開発した「LEE Flash-G2」を用いたフラッシュ混載LSIのレイアウトイメージ (クリックで拡大) 出典:フローディア

 そして、唯一、高圧MOSが必要な、メモリゲートに印加する高圧電源部を分離、集中管理すれば、メモリセル自体は、ロジックに隣接して配置することが可能になる。すなわち、設計者は、フラッシュメモリがほしいところに、配置できるようになるのだ。

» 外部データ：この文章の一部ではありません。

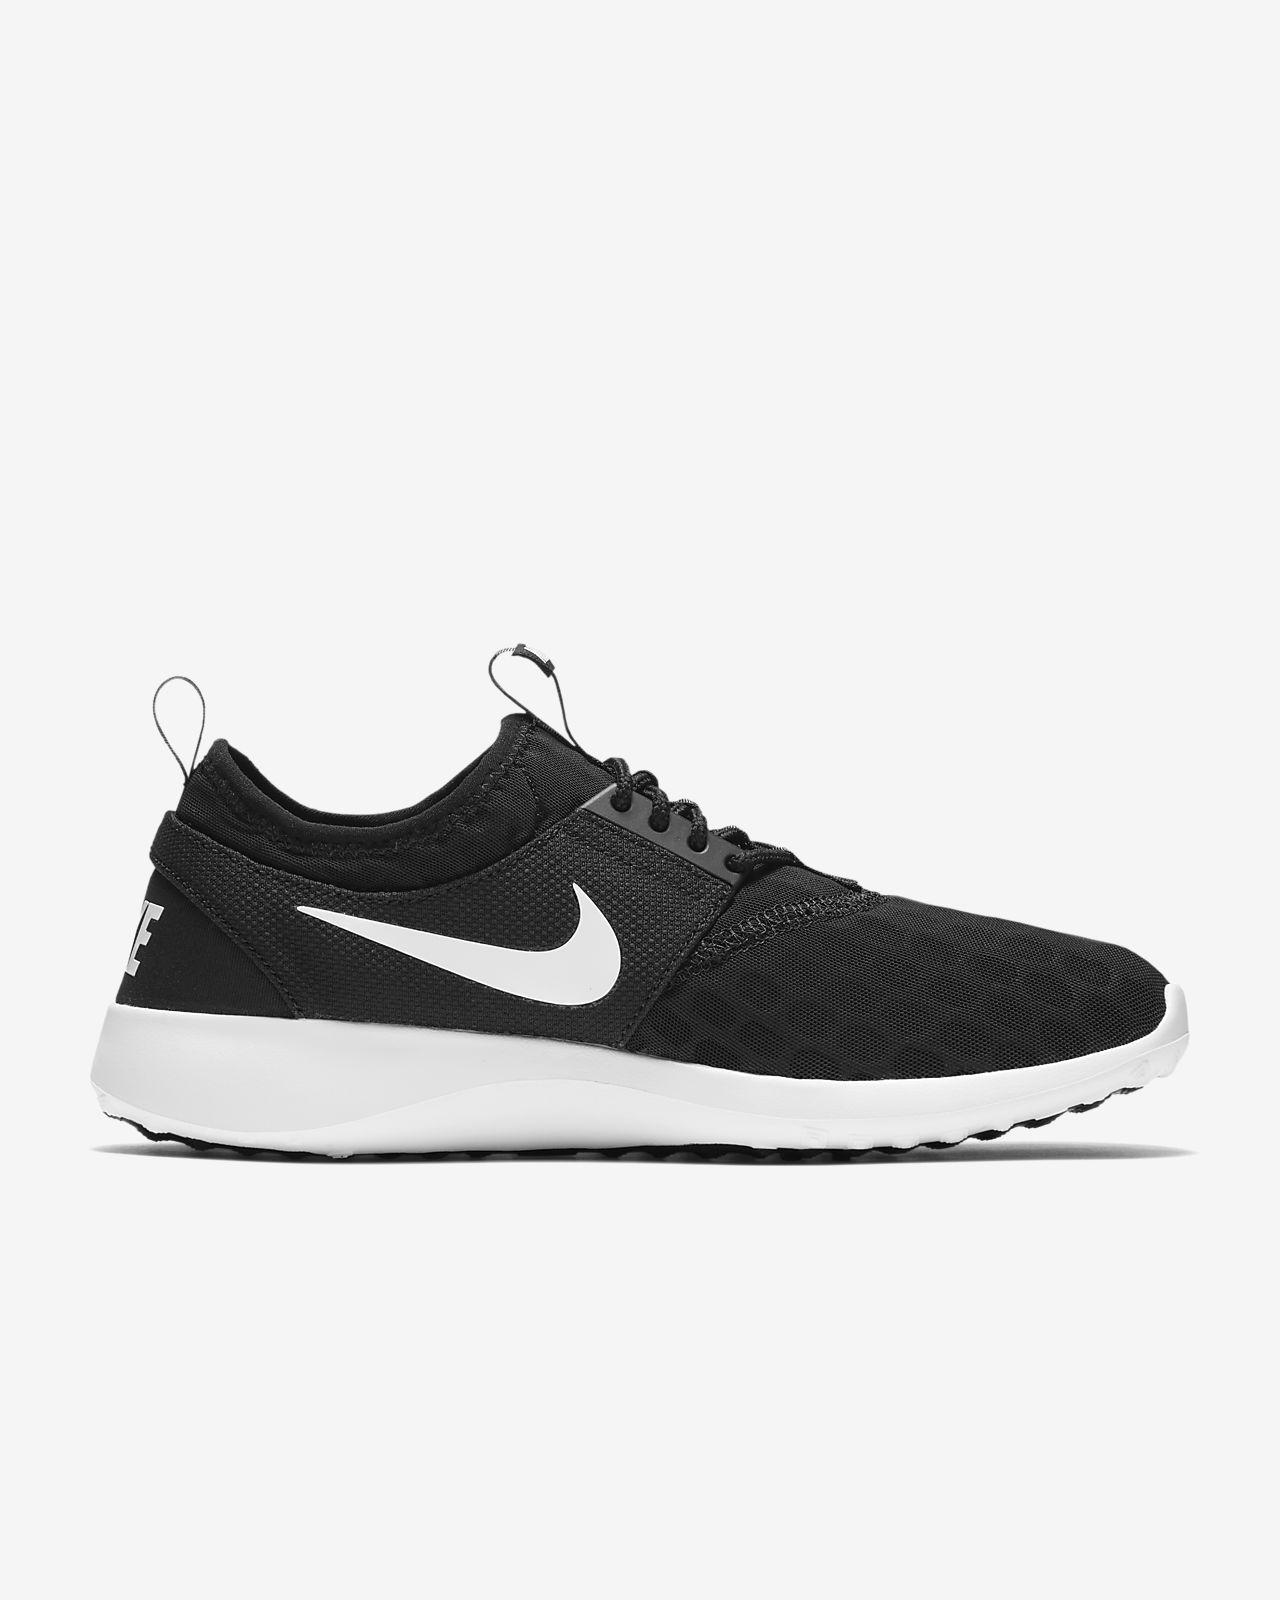 Boutique Nike Grey Grey White Women's Running Shoes Juvenate

 「SRAMに限りなく、似た構造であり、長く蓄積されてきたSRAMの設計技術が応用できる。面積次第だが、高速化するということも設計者側で選択できるようになる。フラッシュを混載するための、特殊なスキルは全く必要ない」(同社社長 奥山幸祐氏)という。

現実的な不揮発RAM


奥山幸祐氏

 当然ながら、ロジックだけでなく、コア電圧で動作するSRAMとも隣接配置できる。このことは、SRAMとフラッシュメモリを組み合わせた“不揮発性RAM”が実現できることを意味する。「MRAMなど新素材を用いた不揮発性RAMの開発が進められているが、SRAMとLEE Flash-G2の不揮発RAMは、既存技術で構築でき、より現実的な解だと考えている」(奥山氏)とする。


「LEE Flash-G2」を用いた不揮発SRAMのイメージ(右) (クリックで拡大) 出典:フローディア

 従来のFNトンネル方式のSONOS型チャージトラップフラッシュよりもメモリセル構造は複雑になるが、「従来の1ゲート1トランジスタ構造の同メモリに、1枚マスクを追加するだけで、3ゲート1トランジスタ構造にできる。通常のCMOSプロセスに対してのマスク追加数は3〜4枚だけ」(奥山氏)とする。